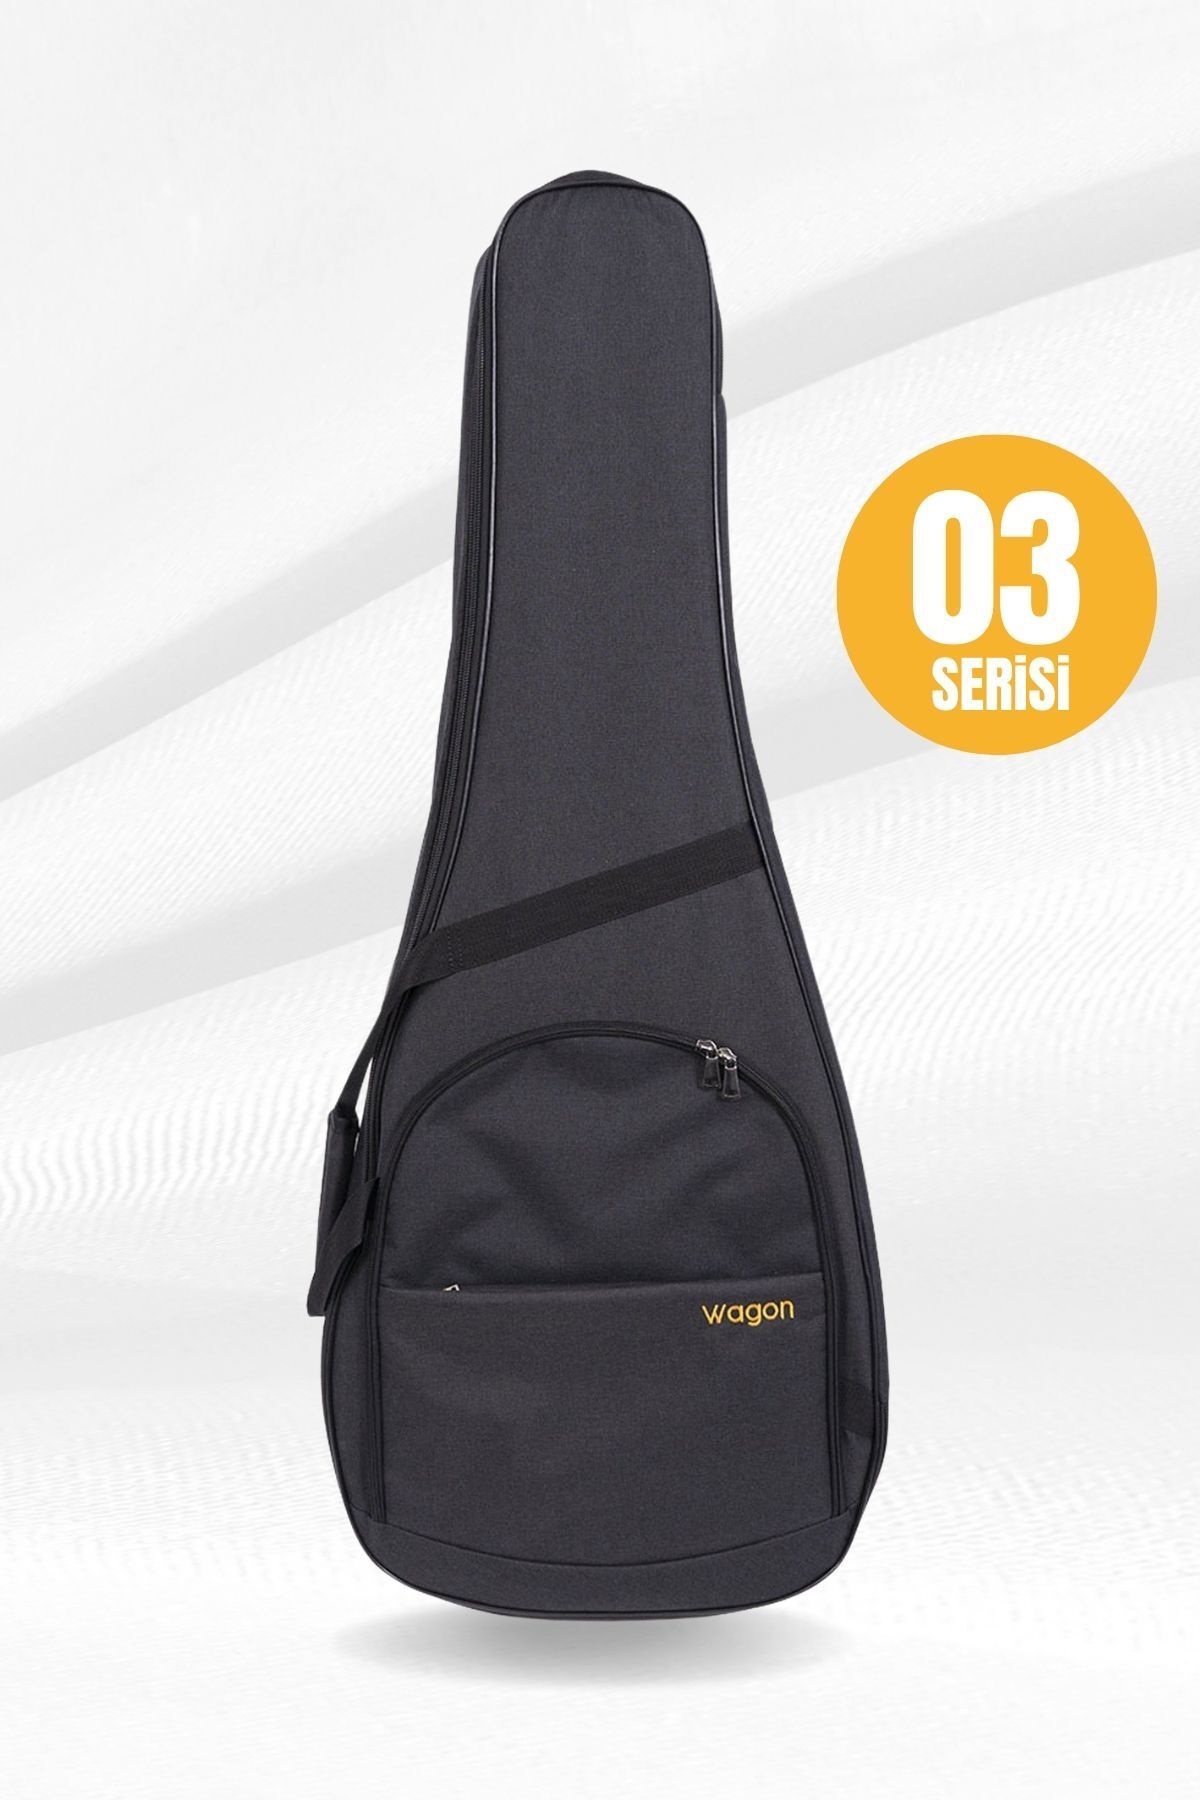 Wagon 03 Serisi Klasik Gitar Çantası - Siyah
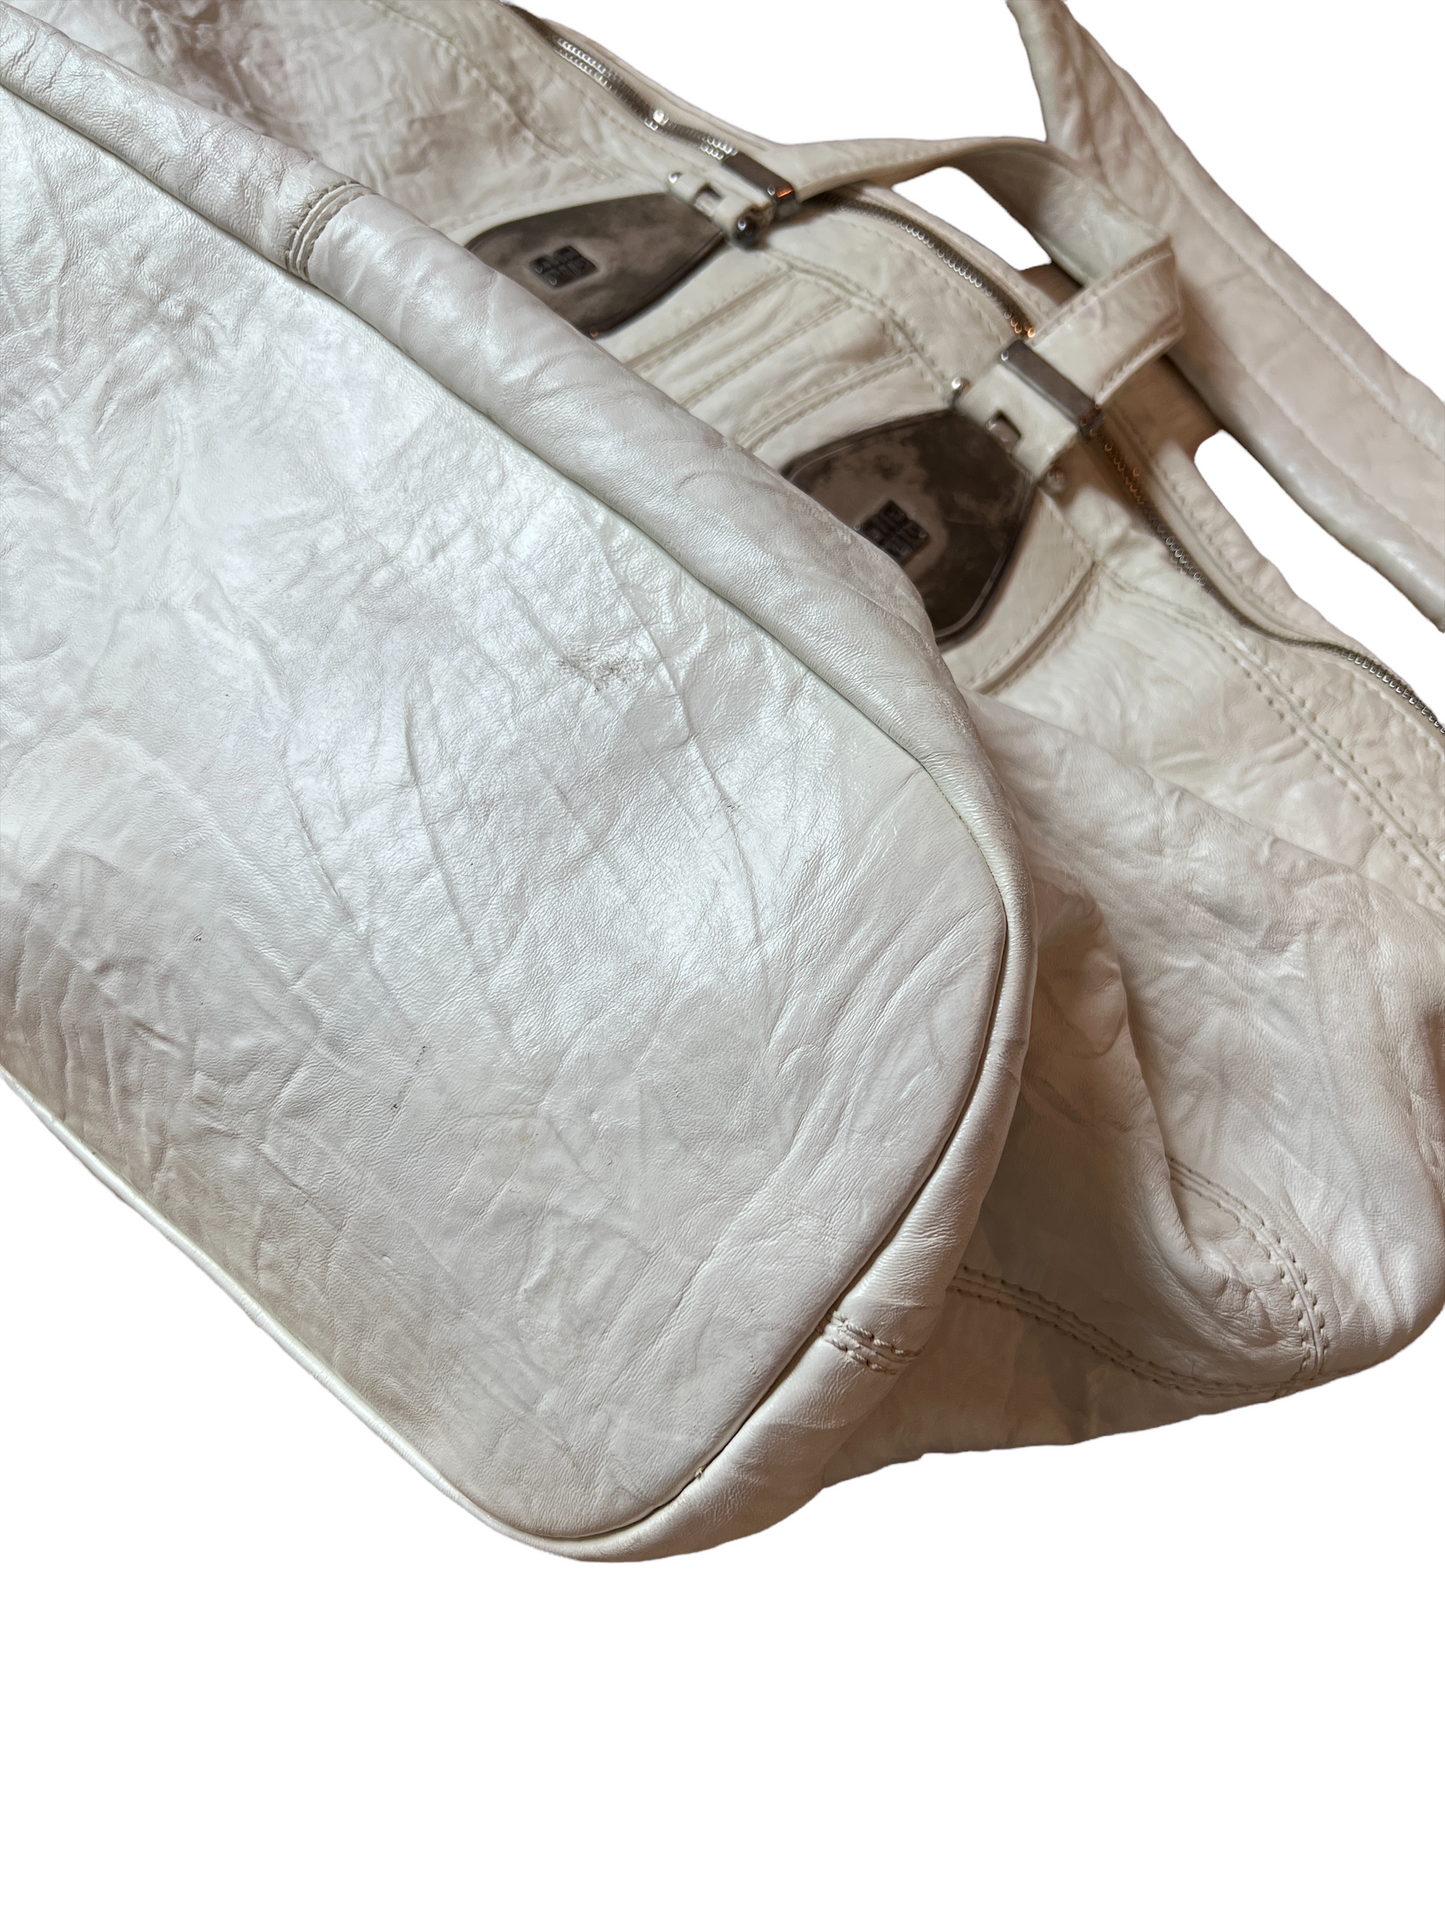 XL White Leather Nightingale Bag
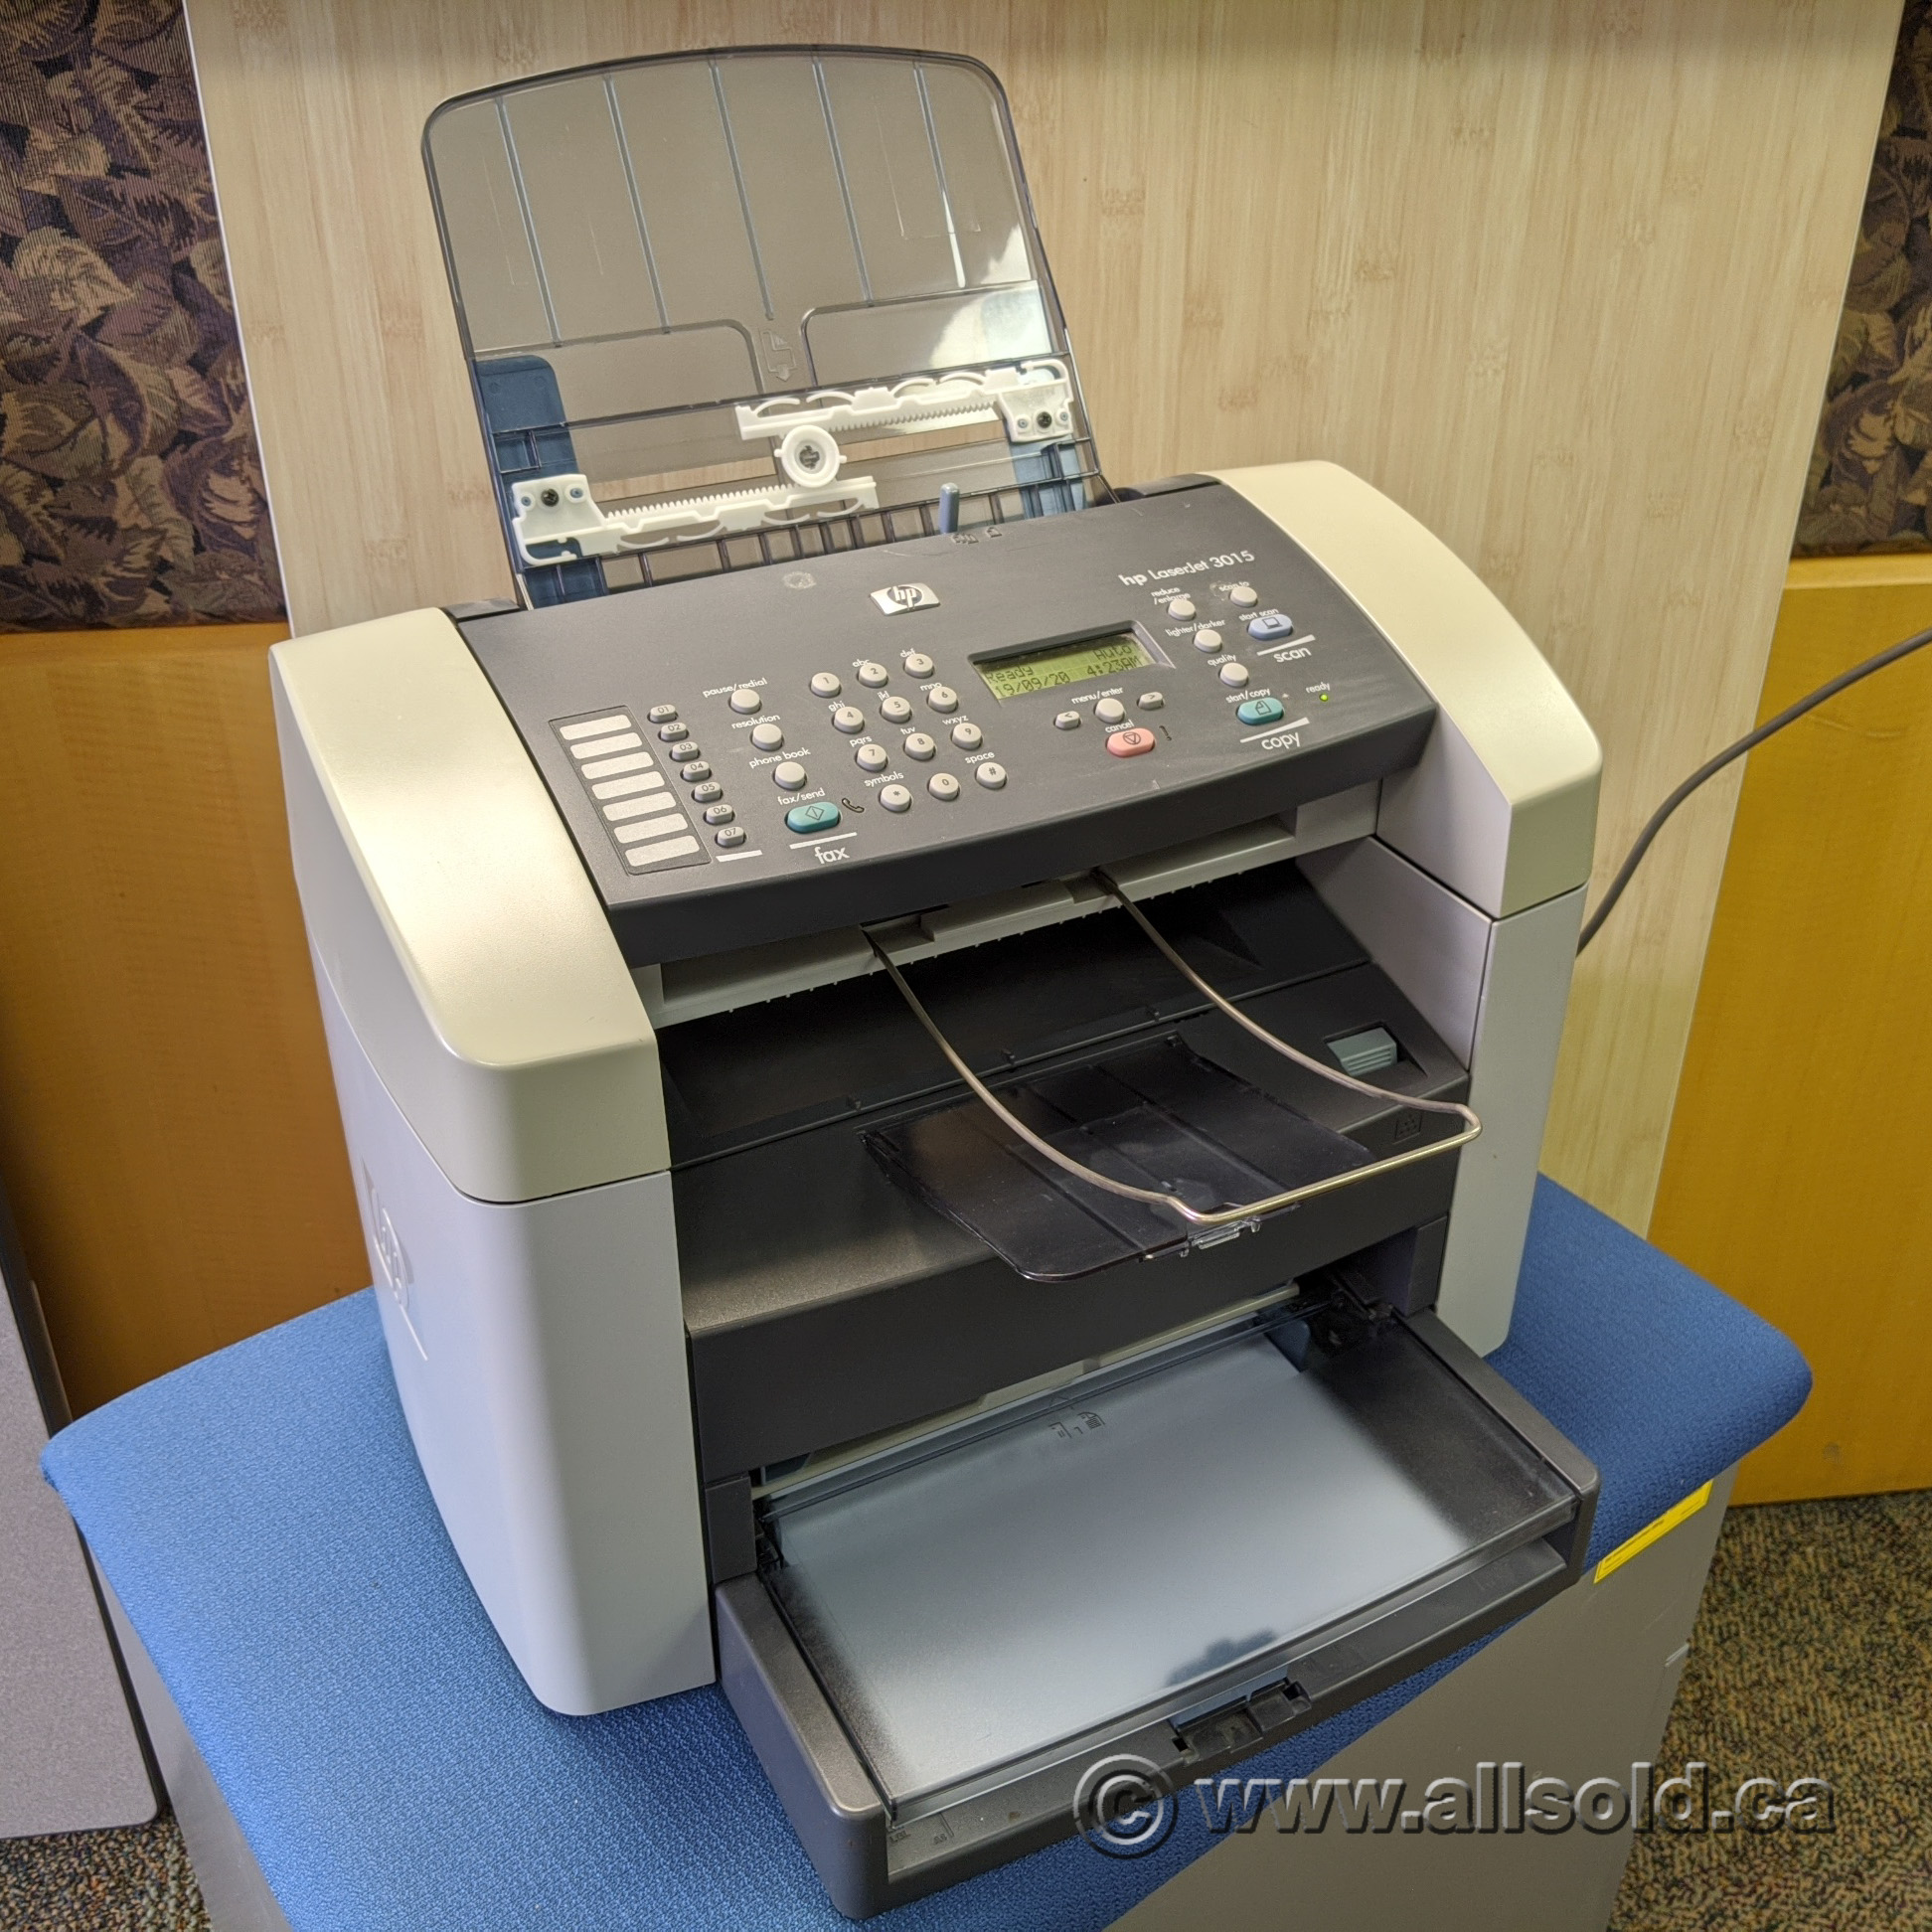 HP Printer Scanner Copy Black/White - Allsold.ca - Buy & Sell Used Office Calgary

━━━━━━━━━━

Send back the listing exactly as it stands. Do not include the pictures.

 Wagon 03 Serisi Klasik Gitar Çantası - Siyah
 XL White Leather Nightingale Bag
 HP Printer Scanner Copy Black/White - Allsold.ca - Buy & Sell Used Office Calgary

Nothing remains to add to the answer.